Linux operating system (OS) disk encryption must unmount the OS drive before running it through the full disk encryption process. If it can't unmount the drive, an error message of "failed to unmount after …" is likely to occur.

This error can occur when OS disk encryption is tried on a target VM environment that has been changed from the supported stock gallery image. Deviations from the supported image can interfere with the extension’s ability to unmount the OS drive. Examples of deviations can include the following items:

  • Customized images no longer match a supported file system or partitioning scheme.
  • Large applications such as SAP, MongoDB, Apache Cassandra, and Docker aren't supported when they're installed and running in the OS before encryption. Azure Disk Encryption is unable to shut down these processes safely as required in preparation of the OS drive for disk encryption. If there are still active processes holding open file handles to the OS drive, the OS drive can't be unmounted, resulting in a failure to encrypt the OS drive.
  • Custom scripts that run in close time proximity to the encryption being enabled, or if any other changes are being made on the VM during the encryption process. This conflict can happen when an Azure Resource Manager template defines multiple extensions to execute simultaneously, or when a custom script extension or other action runs simultaneously to disk encryption. Serializing and isolating such steps might resolve the issue.
  • Security Enhanced Linux (SELinux) hasn't been disabled before enabling encryption, so the unmount step fails. SELinux can be reenabled after encryption is complete.
  • The OS disk uses a Logical Volume Manager (LVM) scheme. Although limited LVM data disk support is available, an LVM OS disk isn't.
  • Minimum memory requirements aren't met (7 GB is suggested for OS disk encryption).
  • Data drives are recursively mounted under the /mnt/ directory, or each other (for example, /mnt/data1, /mnt/data2, /data3 + /data3/data4).
  • Other Azure Disk Encryption prerequisites for Linux aren't met.

Update the default kernel for Ubuntu 14.04 LTS

The Ubuntu 14.04 LTS image ships with a default kernel version of 4.4. This kernel version has a known issue in which Out of Memory Killer improperly terminates the dd command during the OS encryption process. This bug has been fixed in the most recent Azure tuned Linux kernel.
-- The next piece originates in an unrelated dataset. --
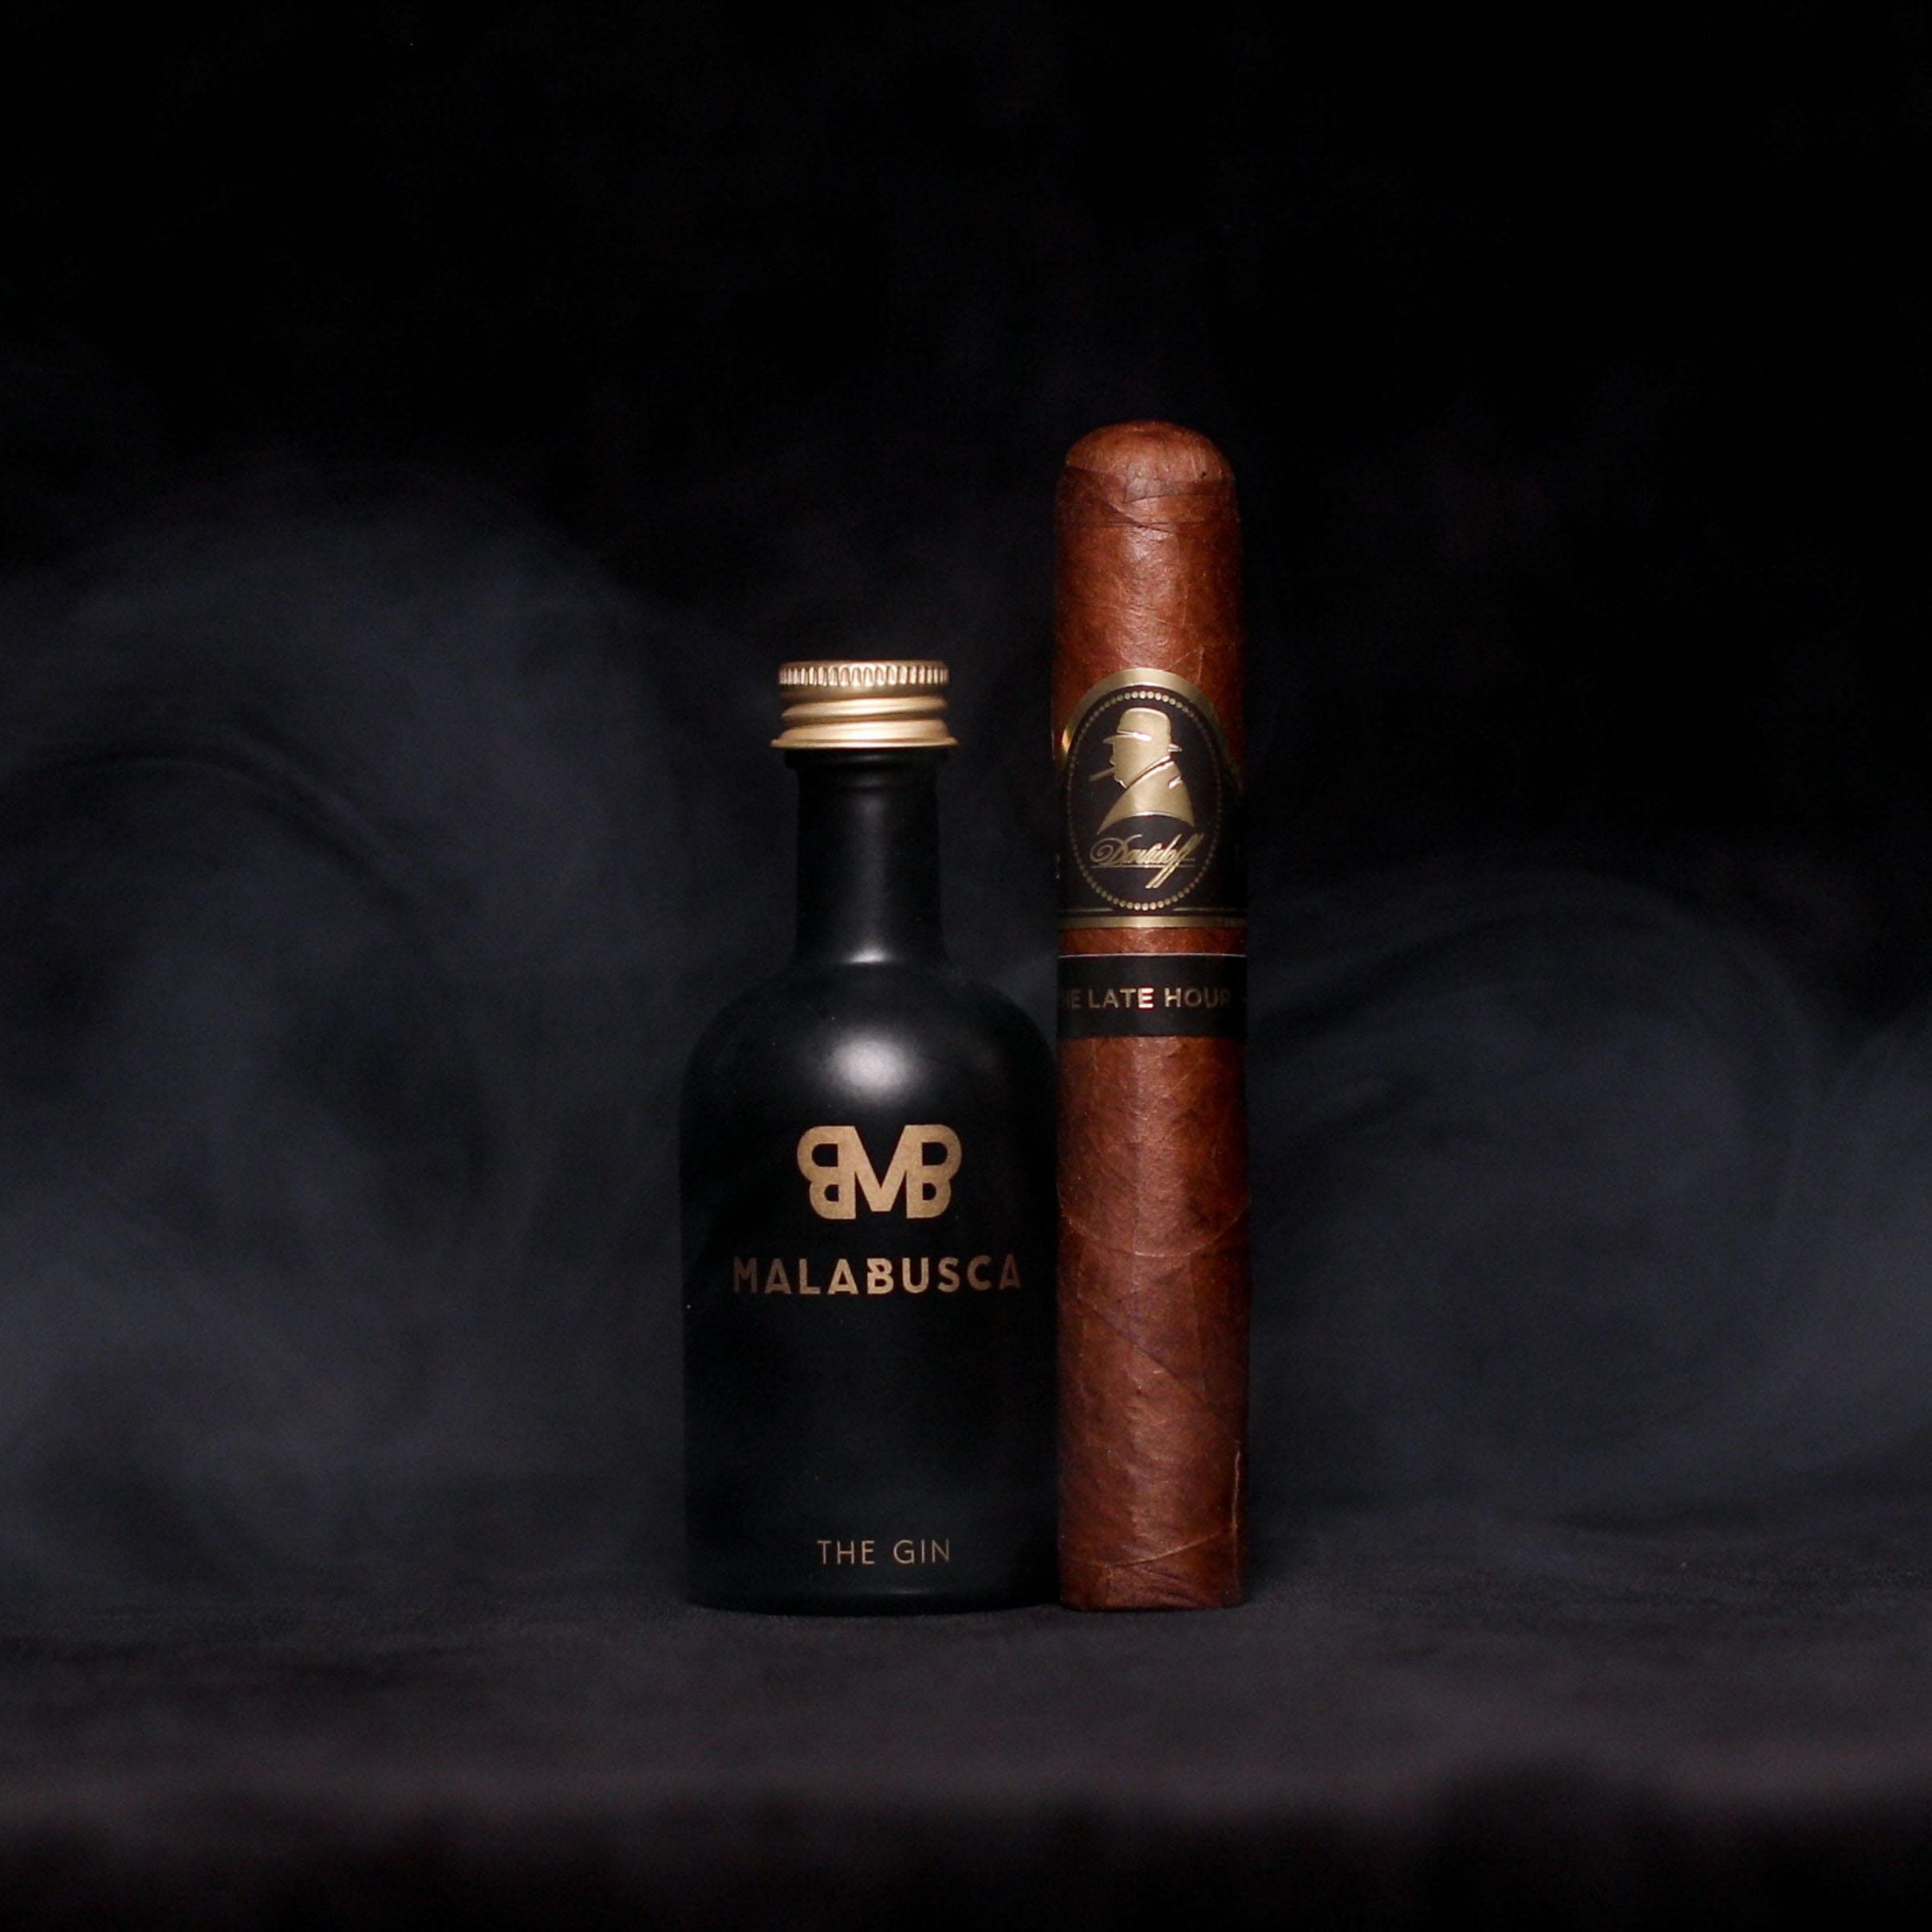 Cigar Specialist malabusca experiencia

To avoid this error, prior to enabling encryption on the image, update to the Azure tuned kernel 4.15 or later using the following commands:

sudo apt-get update
sudo apt-get install linux-azure
sudo reboot

After the VM has restarted into the new kernel, the new kernel version can be confirmed using:

uname -a

Update the Azure Virtual Machine Agent and Extension Versions

Azure Disk Encryption operations may fail on virtual machine images using unsupported versions of the Azure Virtual Machine Agent. Linux images with agent versions earlier than 2.2.38 should be updated prior to enabling encryption. For more information, see How to update the Azure Linux Agent on a VM and Minimum version support for virtual machine agents in Azure.

The correct version of the Microsoft.Azure.Security.AzureDiskEncryption or Microsoft.Azure.Security.AzureDiskEncryptionForLinux guest agent extension is also required. Extension versions are maintained and updated automatically by the platform when Azure Virtual Machine agent prerequisites are satisfied and a supported version of the virtual machine agent is used.

The Microsoft.OSTCExtensions.AzureDiskEncryptionForLinux extension has been deprecated and is no longer supported.

Unable to encrypt Linux disks

In some cases, the Linux disk encryption appears to be stuck at "OS disk encryption started" and SSH is disabled. The encryption process can take between 3-16 hours to finish on a stock gallery image. If multi-terabyte-sized data disks are added, the process might take days.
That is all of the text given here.